El contraste refleja la electrificación de las fábricas a principios del siglo XX, señalaron los investigadores del MIT. Cuando los fabricantes simplemente reemplazaron las máquinas de vapor por motores eléctricos sin cambiar la distribución de las fábricas, las ganancias de productividad fueron mínimas. El verdadero salto llegó décadas después, cuando los ingenieros rediseñaron las fábricas en torno a estaciones de trabajo individuales con motores dedicados.
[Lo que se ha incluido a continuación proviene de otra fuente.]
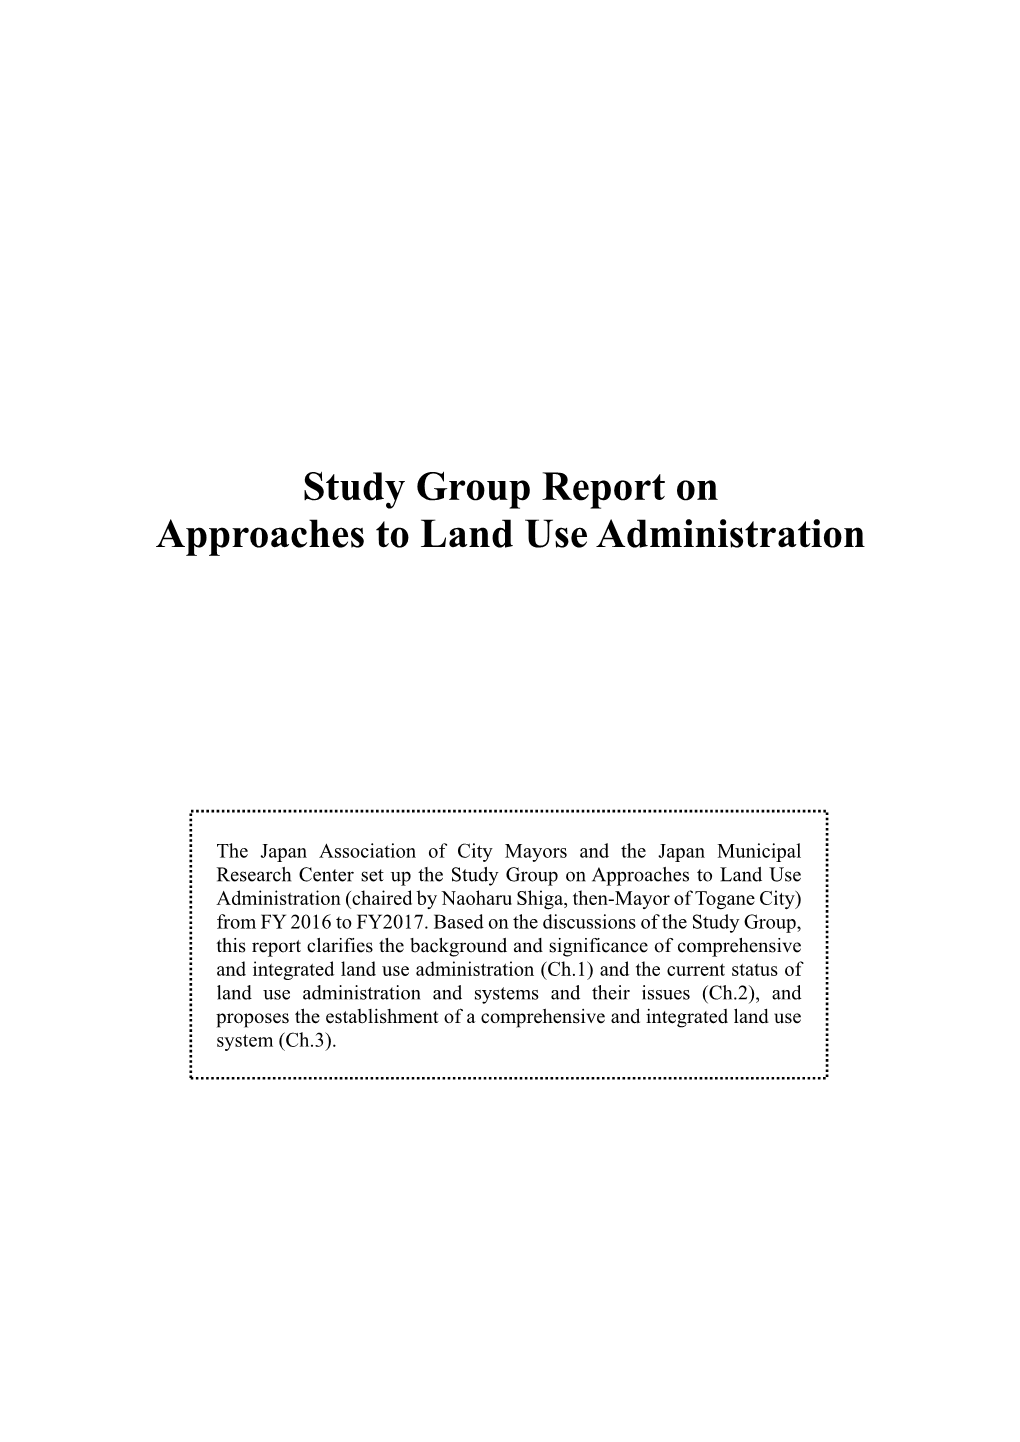 Study Group Report on Approaches to Land Use Administration
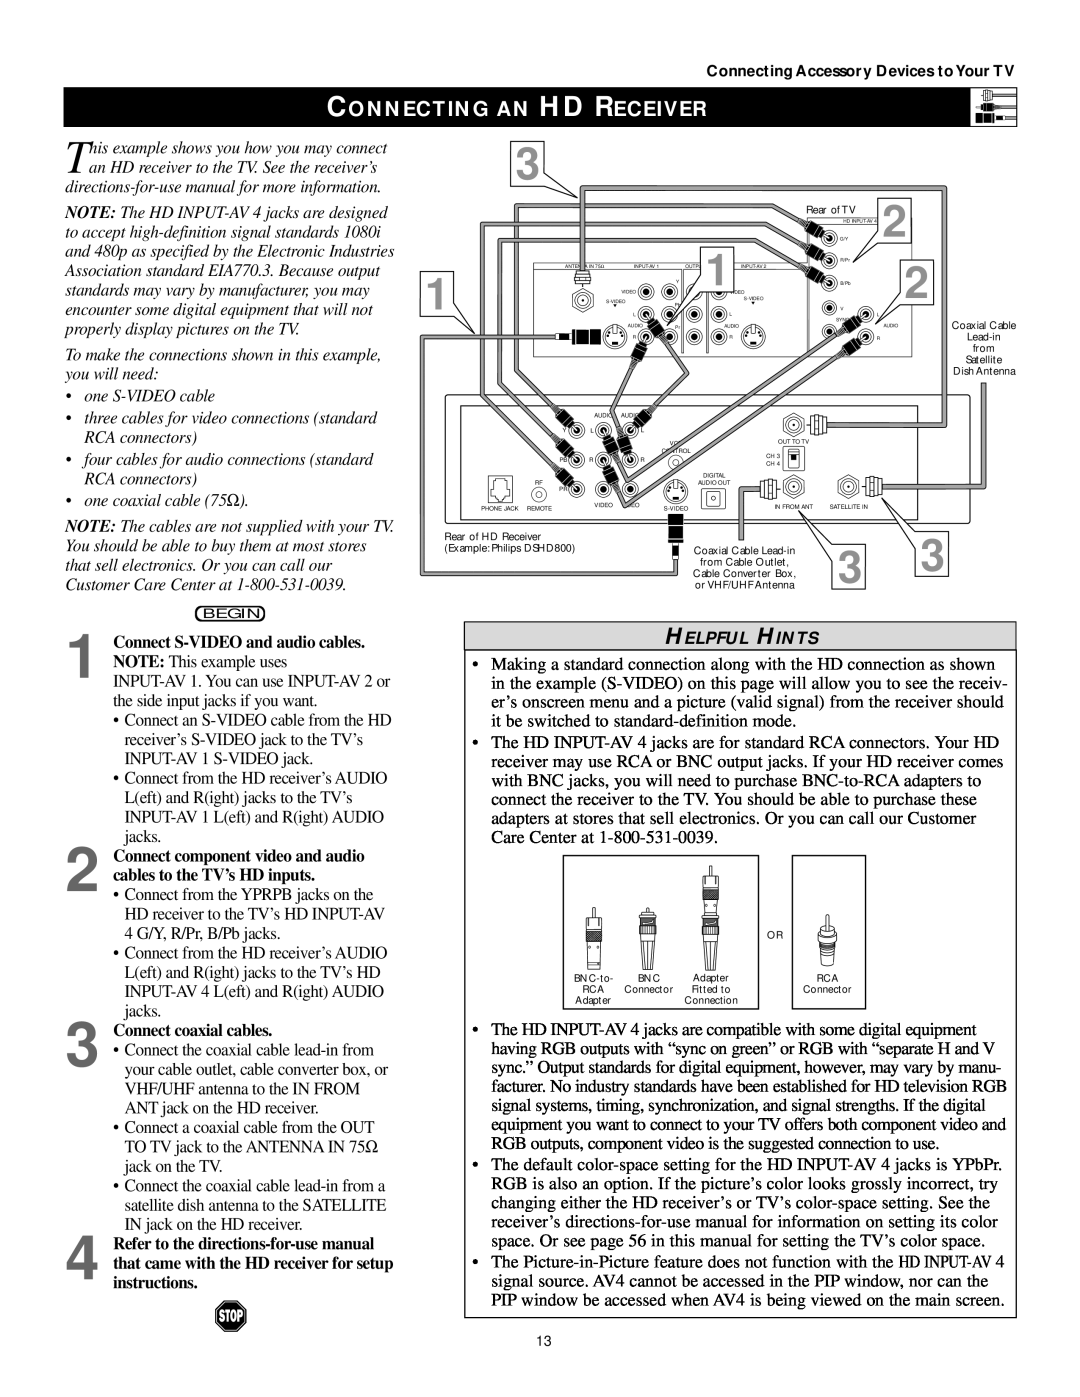 Philips 60PP9202 manual Connecting An Hd Receiver, Helpful Hints, Connect S-VIDEO and audio cables. NOTE This example uses

La IA podría seguir una trayectoria similar, con todos los beneficios requiriendo nuevas estructuras organizativas en lugar de herramientas complementarias.
El ajuste de cuentas en la inversión
Para los inversores, los datos plantean preguntas incómodas sobre la valoración de las acciones expuestas a la IA. La prima actual sobre las acciones de IA — desde Nvidia hasta los proveedores de nube hiperescala y las empresas de software de IA — se basa en expectativas de futuras ganancias de productividad, no en retornos realizados. Si el efecto embudo persiste, la brecha entre el gasto en IA y los resultados comerciales medibles podría desencadenar una reevaluación.
El CEO de Uber, Dara Khosrowshahi, reveló recientemente que la empresa agotó su presupuesto anual de IA en un solo trimestre y planea trasladar la mayor parte del uso de IA a modelos de menor costo, reservando las herramientas fronterizas solo para casos de uso específicos. Una investigación separada sobre aplicaciones legales encontró que combinar IA de código abierto de bajo costo con modelos premium produjo mejores resultados a una fracción del costo.
"La tecnología funciona, pero el valor no ha llegado", escribió Bain en su informe.
Anthropic reconoció la incertidumbre en su propio análisis. "Nada de esto garantiza que la auto-mejora recursiva esté en el horizonte", dijo la compañía. "Aún no está claro que Claude sea capaz de tener juicio de investigación — de elegir los problemas correctos en los que trabajar".
Para los inversores que apuestan por las ganancias de productividad impulsadas por la IA, la espera puede ser más larga de lo que el mercado está descontando actualmente. La tecnología avanza más rápido que las organizaciones y los procesos necesarios para capturar su valor.
Este artículo es solo para fines informativos y no constituye asesoramiento de inversión.